Выбрать главу

Наш ответ на это возражение: вы, следовательно, признали, что есть темы, подлежащие переговорам со всеми четырьмя державами; и другие, касающиеся лишь нас с вами. Отлично. Принимаем к сведению. Вы находите, однако, что об этом разделении позаботятся сами союзники, нам же, Закавказью, следует в данном случае молчать. Но мы вовсе и не входим в обсуждение того, что именно отнести к общему договору и что к специальным! Мы утверждаем лишь, что общий договор будет нами заключен не с одной Турцией, а со всеми четырьмя державами. Нам, как одной из договаривающихся сторон, кажется, позволено интересоваться тем, кто именно является другой стороной? (Нота закавказской делегации 17 мая.)

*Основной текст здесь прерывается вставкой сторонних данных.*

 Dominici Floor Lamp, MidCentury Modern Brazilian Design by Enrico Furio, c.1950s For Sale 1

Мы продолжали ссылаться и на отсутствие у турок права требовать чего-либо сверх уступок, сделанных им по Брест-Литовскому договору. Здесь наша позиция была слабовата; однако на ней приходилось упорствовать, так как это был главный довод А. Чхенкели еще с конца Трапезундской конференции. Ослаблялась же эта точка зрения (то есть что «не было новых обстоятельств, изменивших между нами международное положение, – не может быть и новых требований») такими фактами, как весь военно-патриотический шум, поднятый сеймом ввиду нежелания турок отказаться от Батума и Карса, ряд принятых им военных резолюций, отозвание делегации из Трапезунда и т. п.

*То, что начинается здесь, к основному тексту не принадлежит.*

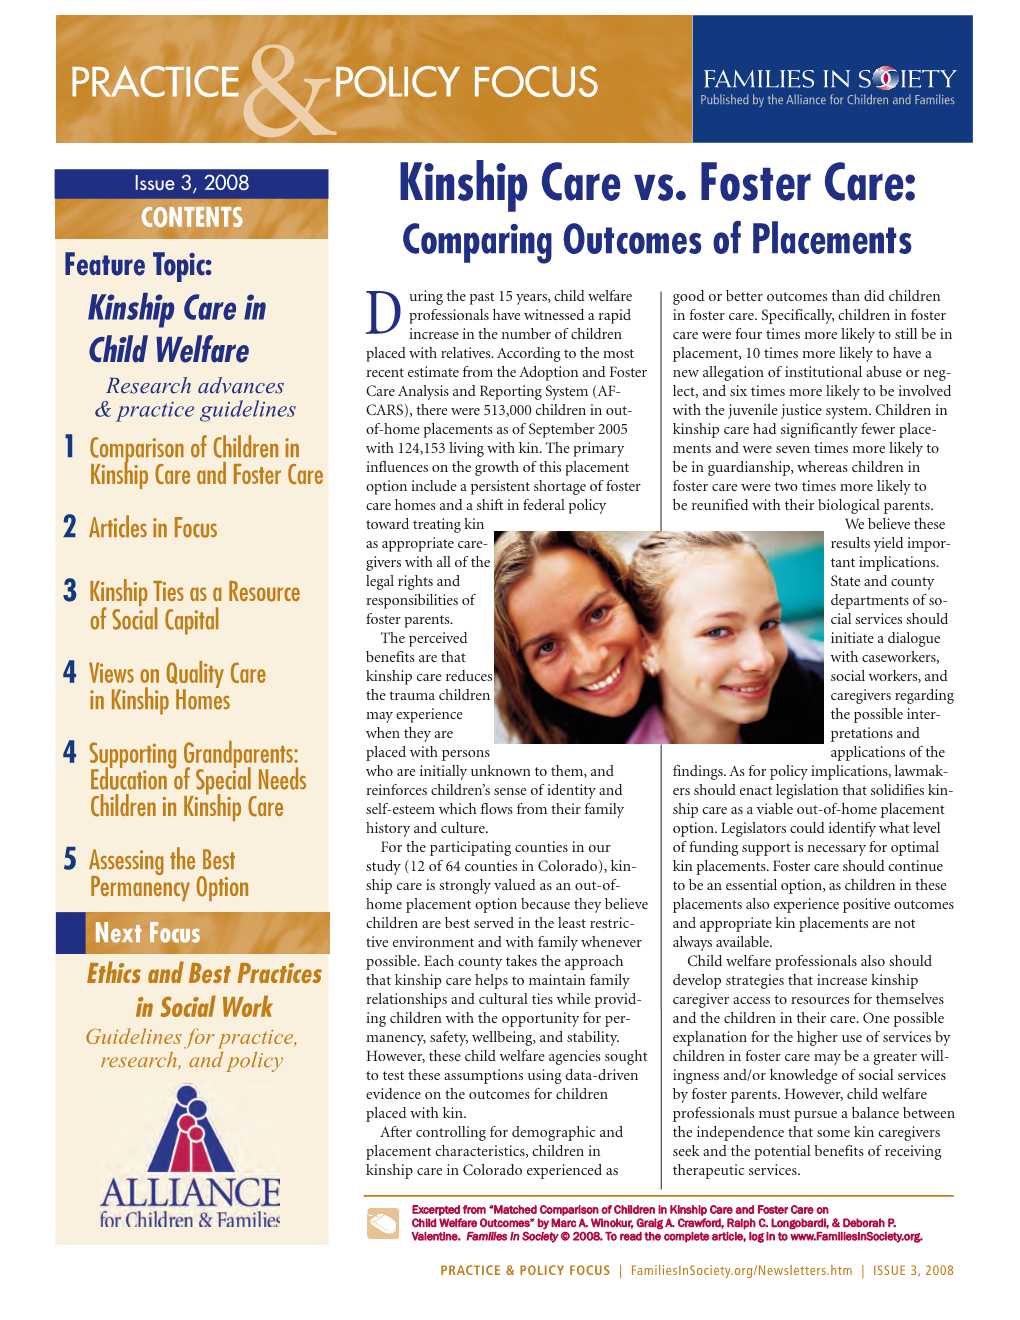 Kinship Care Vs. Foster Care

Вследствие этих фактов турки получили возможность утверждать, что заявление Чхенкели в Трапезунде о признании Брест-Литовского договора было «дезавуировано» Закавказским правительством Гегечкори и что возобновление войны Закавказской республикой именно и повлекло за собою изменение в международном положении, которое дает теперь Турции право предъявлять новые требования.

Словом, в этом пункте почва под нами была не без шаткости. С тем большей твердостью обратили мы против турецкого проекта острие Брест-Литовского договора.

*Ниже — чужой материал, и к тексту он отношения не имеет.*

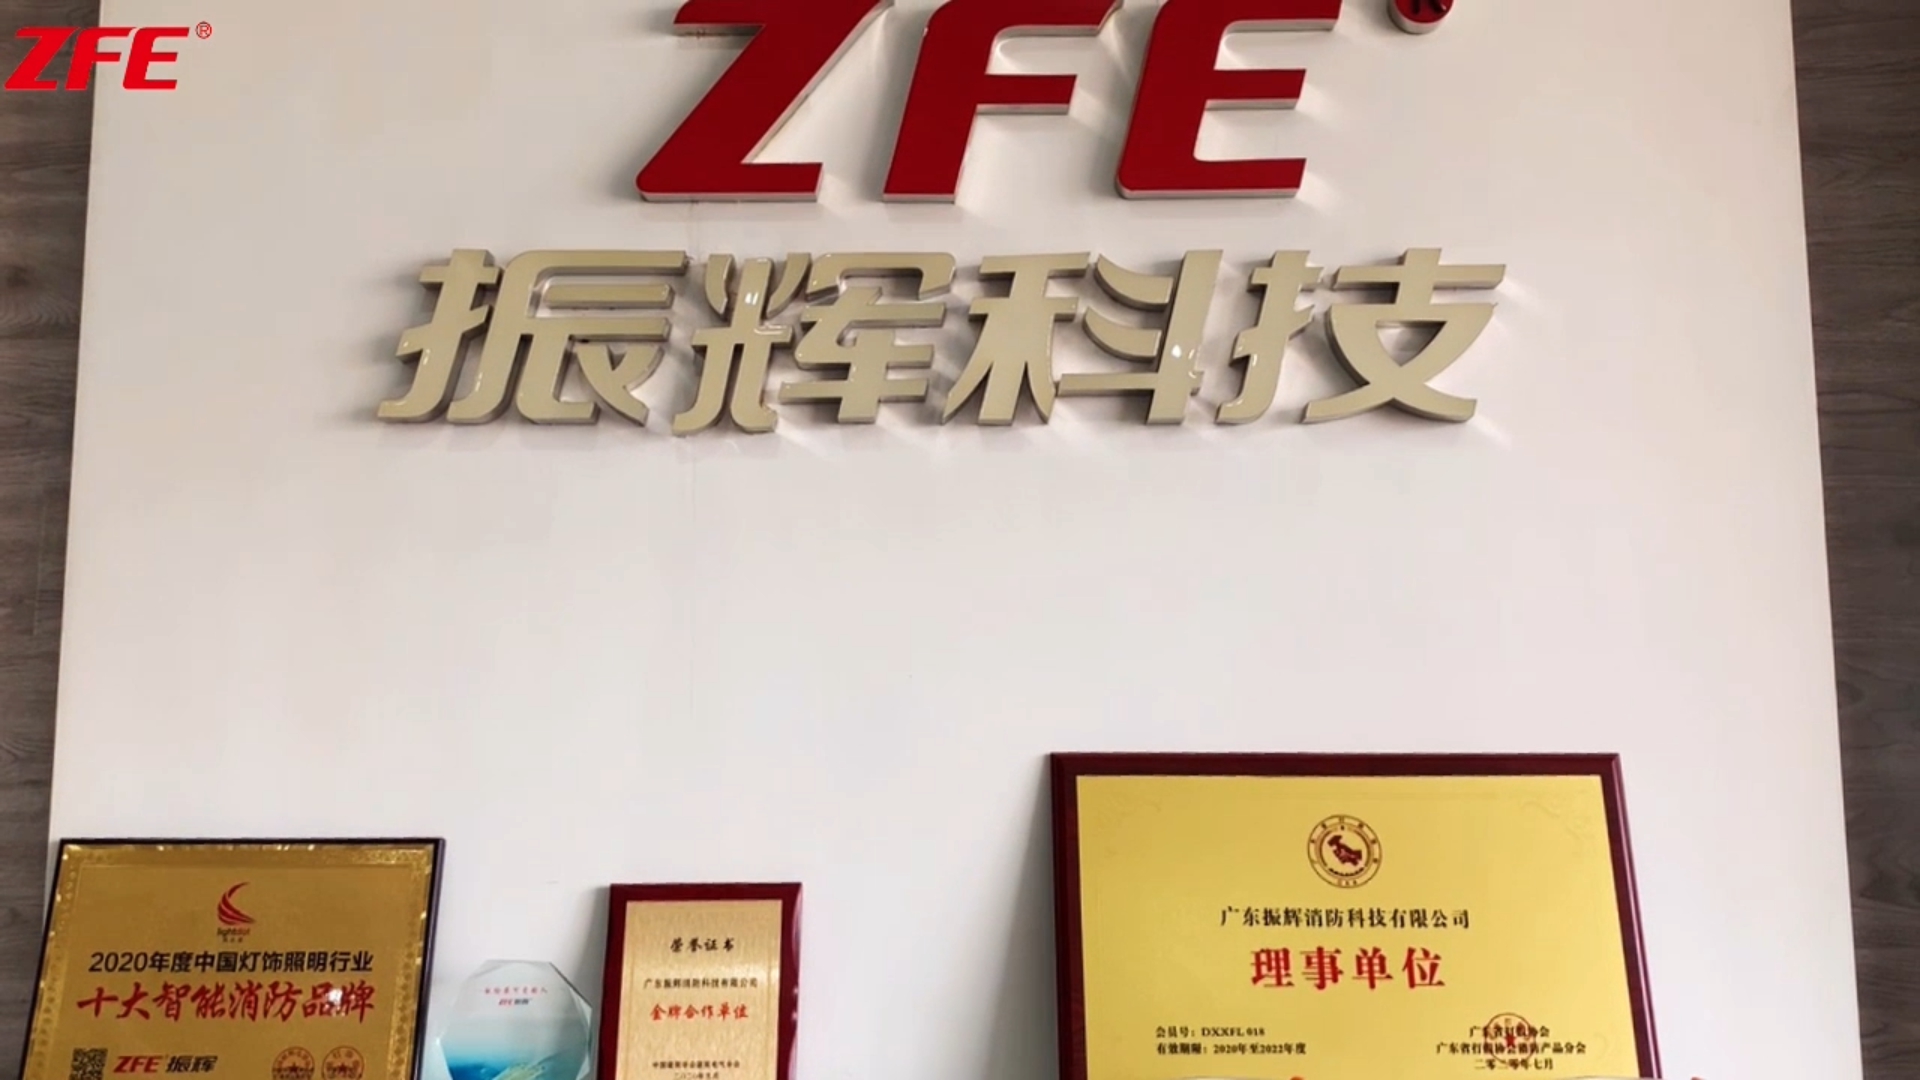 Bedryfsverenigings kom besoek Guangdong Zhenhui Fire Technology Co., Ltd.

«Как это? – говорили мы. – Вы попросту включаете теперь (по вашему проекту) в состав Османской империи территории, государственное и международное устройство которых обставлено условиями ст. 4 Брест-Литовского договора? Там ведь предусмотрены права „соседних государств“; в согласии с ними и должен быть установлен населением округов Батума, Карса и Ардагана новый порядок в этих территориях. Соседние государства – это прежде всего Турция; но затем это и Закавказье; а теперь вы просто забираете эти провинции, отменяя договор, не вами одними подписанный, договор, предоставивший и нам известное участие в деле. Так нельзя» (см. Закавказский меморандум 16 мая). Словом, теперь уже мы выступили в роли блюстителей Брест-Литовского договора!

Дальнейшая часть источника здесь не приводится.